To give you a little background, I now have 6 ESX hosts with 58 VMs. Each host has dual-iSCSI HBAs with 1GbE connections. All Exchange 2007 roles have been virtualized, however we currently only have 1 out of 5 mailbox servers running as a virtual machine. We have a number of other workload types virtualized including file, print, SQL, web servers, etc.
Management has decided to stop virtualizing Exchange servers. Why? Fear generated by the FUD that surrounds the performance characteristics of various storage transports - in this case iSCSI via GbE. The only way to fight FUD is with facts. Towards this effort I have performed some calculations in an attempt to answer 2 questions:
1. How well is our storage transport performing given current virtualized workloads?
2. How much "performance capacity" do we have remaining?
I added up the average bandwidth utilization of all 6 of my ESX hosts which totaled 11008KBps. This converts to 0.09Gbps out of 2Gbps or 4.5% bandwidth utilization. I then added up the maximum utilization of all 6 ESX hosts. This would be the high-point of the peaks or bursts in utilization. The result was 0.48Gbps.
Assuming we can get 800Mbs of actual bandwidth per connection we have 1.6Gbps useable bandwidth remaining. Note that based on VMware's testing we should be able to reach near wire-speed (2Gbps) if the environment is configured correctly making 1.6Gbps a conservative assumption.
So even if I use the maximum bandwidth measurement of 0.48Gbps, that leaves 1.1Gbs useable. Another way to state it is that my environment is reaching a max of 30% bandwidth utilization.
The results seemed unbelievable to me at first so I digged a little deeper:
- I found this in a EqualLogic presentation from 2005: "With 2 iSCSI connections and free NIC teaming, payload equals approx. 234 MB/s (1.96Gb/s) or 823GB/Hour. We found 2Gb FC delivers 196 MB/s which equals approx. 689GB/Hour payload." http://communities.vmware.com/servlet/JiveServlet/downloadBody/1806-102-1-1554/VMUG.ppt
- I found this in an iSCSI Virtualization whitepaper from 2007: "For high-performance, mission-critical servers, the cost of Fibre Channel is often justified, because Fibre Channel provides higher bandwidth (4 Gbps vs. 1 Gbps) and lower latency than IP networks. However, many environments are over-served by 4Gbps Fibre Channel links.

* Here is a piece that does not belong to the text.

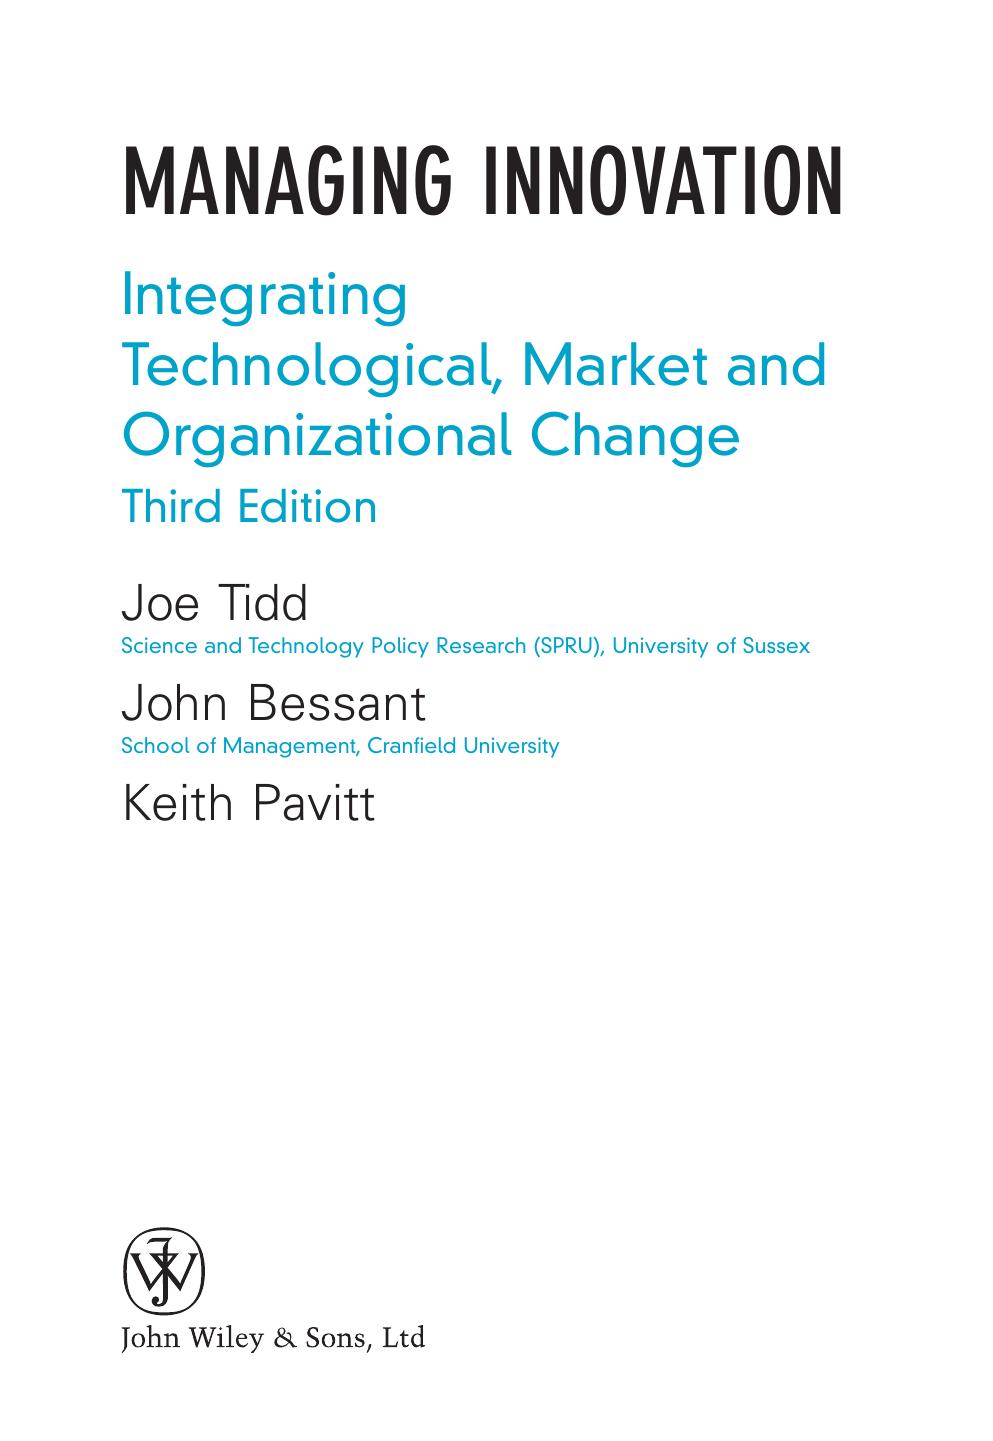 Joe Tidd, John Bessant, Keith Pavitt Managing Innovation Integrating Technological, Market and Organizational Change, 3rd Edition 2005

This is particularly true for hosts running applications characterized by random traffic, such as database applications and Exchange."
http://www.dell.com/downloads/global/products/pvaul/en/iscsi_virtualization.pdf - And here's one from Netapp: "...based on deployments, Netapp has proven over the past 3 years that a scalable, simple to use array with enterprise class reliability can safely be the iSCSI platform for mission-critical applications. Exchange is a perfect
example of a mission critical application that is routinely deployed over iSCSI these days."
http://storagefoo.blogspot.com/2006/05/iscsi-performance-and-deployment.html - Finally, VMware's own testing of storage protocols and their corresponding physical medium from this year: "This paper demonstrates that the four network storage connection options available to ESX Server are all capable of reaching a level of performance limited only by the media and storage devices."
http://www.vmware.com/files/pdf/storage_protocol_perf.pdf
1. I typically read how FC has lower latency than IP. My somewhat empirical belief is that IP's additional latency will not be a big factor when added to the equation.I'm still looking for a way to quantify these factors to better predict the performance characteristics of our IP storage implementation. This is the first part of what I'm sure will be an on-going investigation. It sure would be nice to have a tool that did all of this for me! I have yet to find something that's comprehensive enough on any given storage platform I've managed (IBM DS, EMC Celerra, et al).
2. I've read different sources that state disk IOPS are more important with regards to system performance than storage transport bandwidth utilization.
Also note that I've been monitoring my bandwidth utilization more closely using Vkernel's Capacity Analyzer and can safely say that 11008KBps is high. It's dropped 30-40% over the last two months for various reasons.
Next month I hope to enable jumbo frames in this environment and expect to see some additional performance gain at some level. I'm considering capturing before/after snapshots of various performance metrics and posting the results in a future blog.
In conclusion, this analysis makes me even more confident about the performance of our ESX hosts and virtual infrastructure backend storage transport even if/when I get to virtualize the remaining Exchange mailbox servers.